Monday 20 October 2014

Quindell obeys technical playbook

A week ago, I said that Quindell (QPP:LON, or £QPP) was entering an oversold condition below 125p and would bounce. What I omitted to say is how far, which I should have done, as most technical analysts would say that for a downward sliding stock is that when it bounces an oversold condition, it will recover half-way to the last high, and this is exactly what has happened.

£QPP textbook technicals


From the 13th October high of 166.50p, down to the last low of 123.72p gives a recovery point of 145.11p, which is where it reached on Friday night. I was waiting for this and placed another short, my previous one having been sold at 125p as per my last blog post. Note I could have gone long on the bounce, but I didn't dare, given the second GCR tweet and lent-out percentage of 97.58%. There is another GCR tweet today, by the way.

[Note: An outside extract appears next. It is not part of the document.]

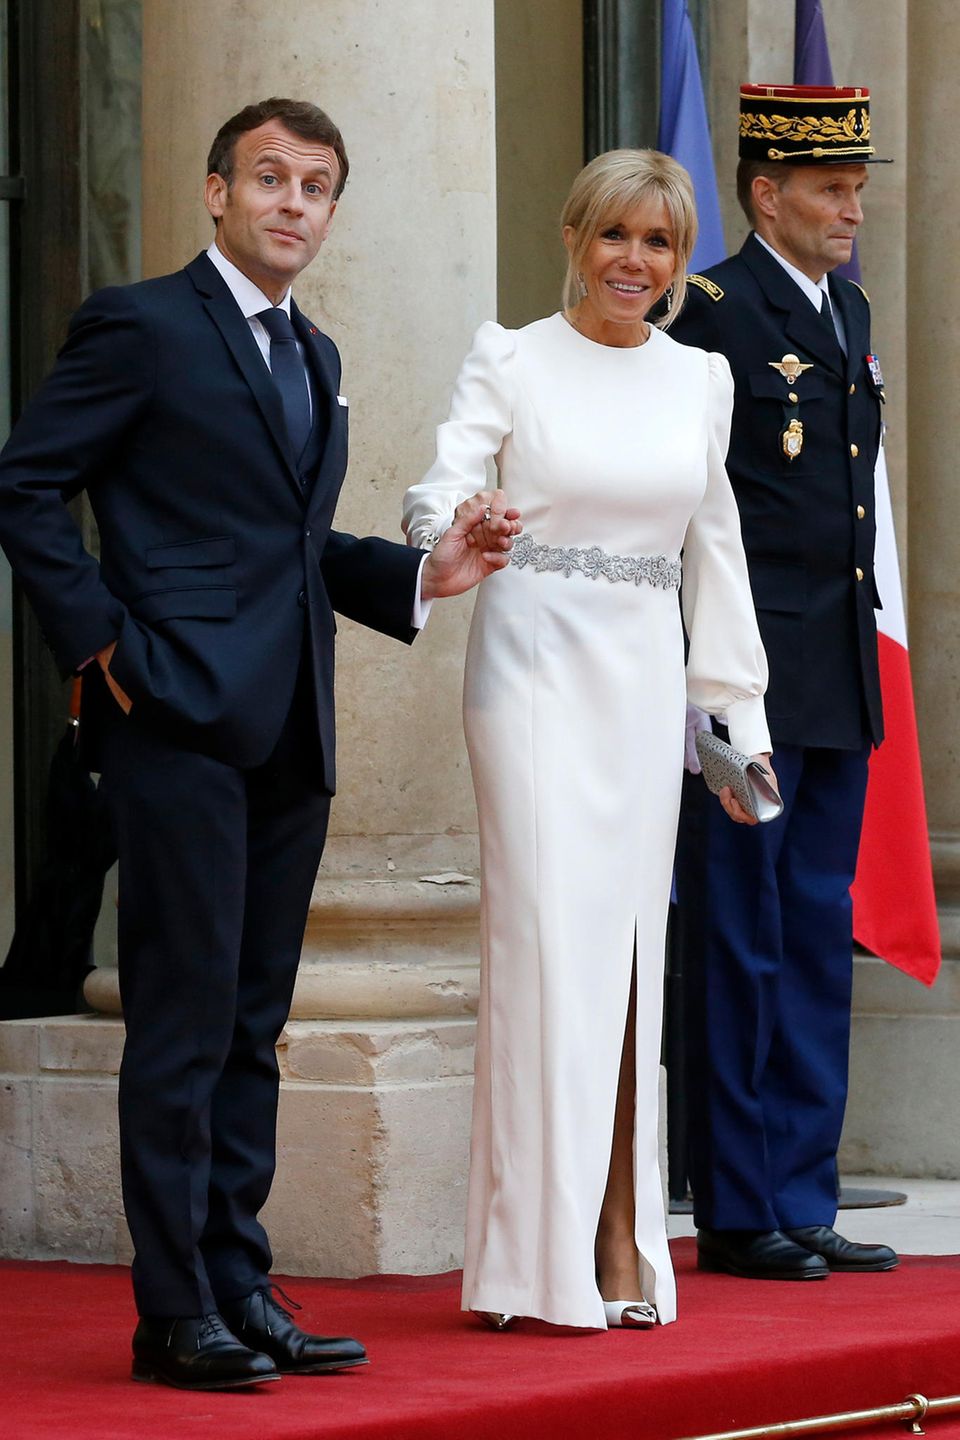 Emmanuel und Brigitte Macron empfangen den italienischen Präsidenten Mattarella

Sure enough, the instrument is back on it's path downward again, and of particular note is the long-tailed candlestick at 8am this morning, which reached down to 38.2% of new high-low, viz 132.15p. Interesting, isn't it, how these fibonacci points are so accurate. This gives me a clear first target for my short, ie it will try to get there again. (I have to say by the way that the 2p recovery in the last hour today was unexpected, but it doesn't change my view)

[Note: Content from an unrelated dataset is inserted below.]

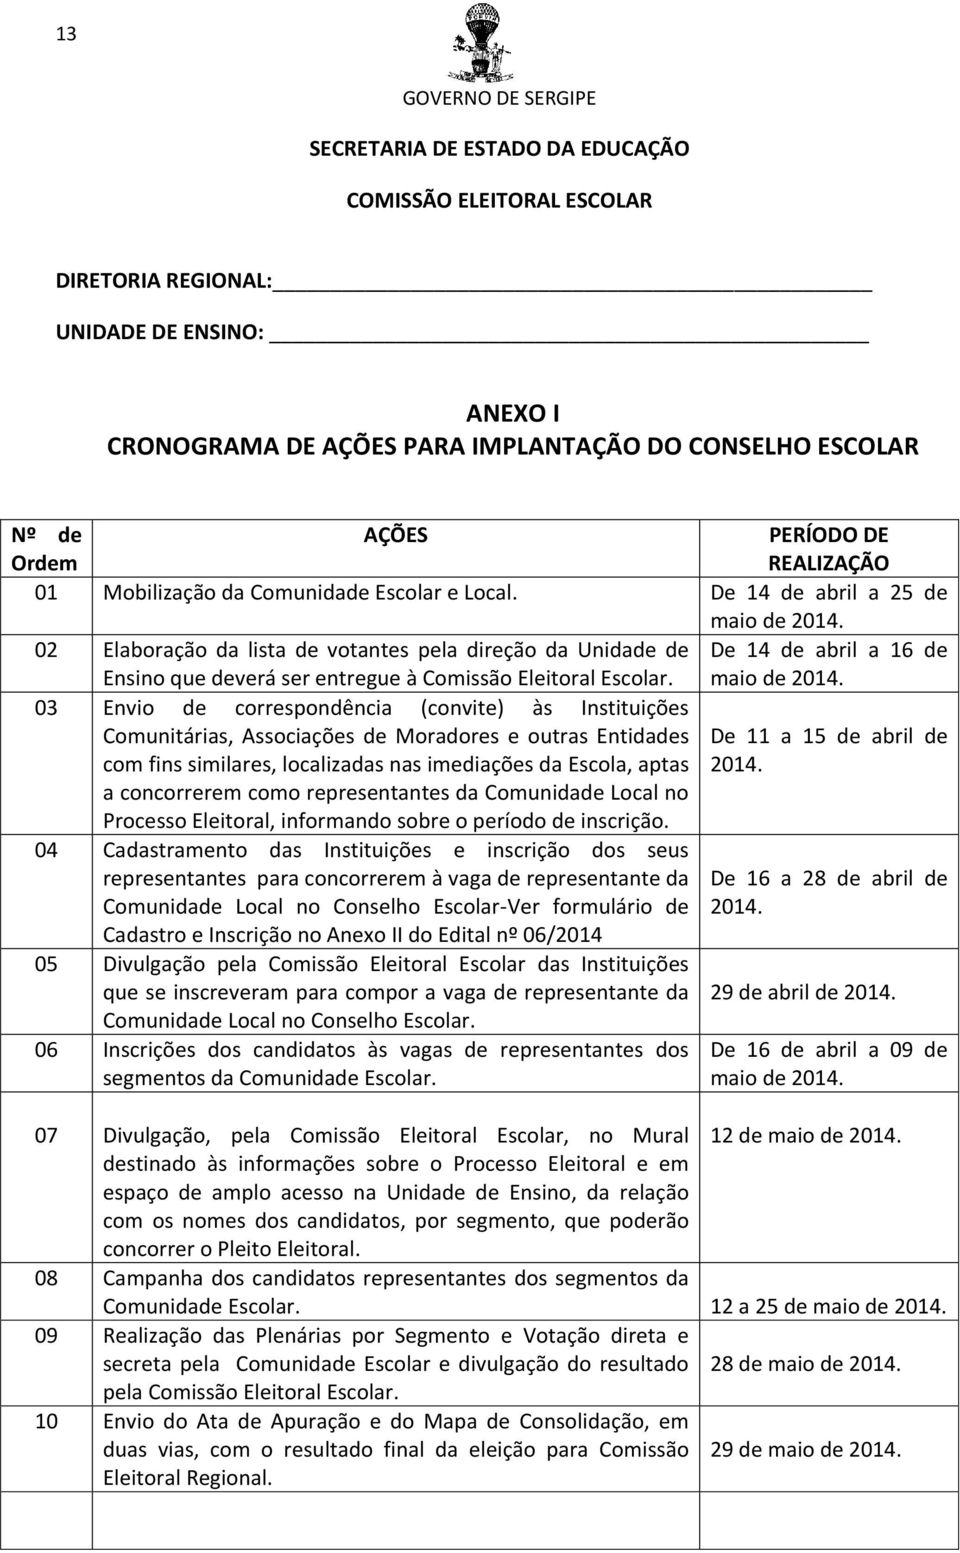 02 Elaboração da lista de votantes pela direção da Unidade de Ensino que deverá ser entregue à Comissão Eleitoral Escolar. De 14 de abril a 16 de maio de 2014.

£QPP new Fibonacci projection 

In summary the trend is still down, and I will continue to short rallies. I have so far, using spreadbetting, made my stake several times over. I believe this stock is following technicals exactly because there is no news either way on the GCR/Shareprophets allegations.

I have noticed, incidentally that in the last eight weeks, the downward channel range has tightened. See the chart below. The range is now within the blue tramlines rather than the black ones.

£QPP narrowing tramlines
Unfortunately for bulls, this doesn't help, as although the tramlines are narrower, they are at the same gradient as the old ones.

As an aside, I am amazed by the amount of emotion generated against people who are bearish on this instrument. It's just a share, like any other, where you follow price/action. I cannot understand why people who are holding long-term write to bulletin boards every day. I am a long-term holder of Minco (LON:MIO) and Fastnet (LON:FAST) and am well underwater, but I know they will come right in the end. I certainly don't care about people shorting them. Also it is extremely unlikely that retail shorting has any effect on any share except micro-caps (with >10% spread!). If only it did - you'd never lose!





Tuesday 14 October 2014

Quindell approaching oversold

Quindell (QPP:LON) put out a 'good' trading update yesterday and the shares fell 7%. They fell another 7% today. My new short is doing well. They closed tonight at 134p. It is possible they could drop to 125p in line with the tramline movement, but if they get there quickly, an RSI oversold condition will obtain. This may well cause a bounce back to 150p.

I think they will keep doing this until they hit the long term and psychological support of 100p




In the meantime, I understand that GCR have been tweeting negative remarks again about Quindell. Perhaps this has caused the price drop. I do wonder whether long-term institutional investors are eschewing this instrument (other than to sell it), which means that the whole market is driven by (retail?) traders. Certainly the volume has dropped right off.




So to summarise, I am holding short again, from that bounce to 165p the other day. I do recommend you set fairly wide stops if short, as the share seems to bounce first thing every morning, before fading all day.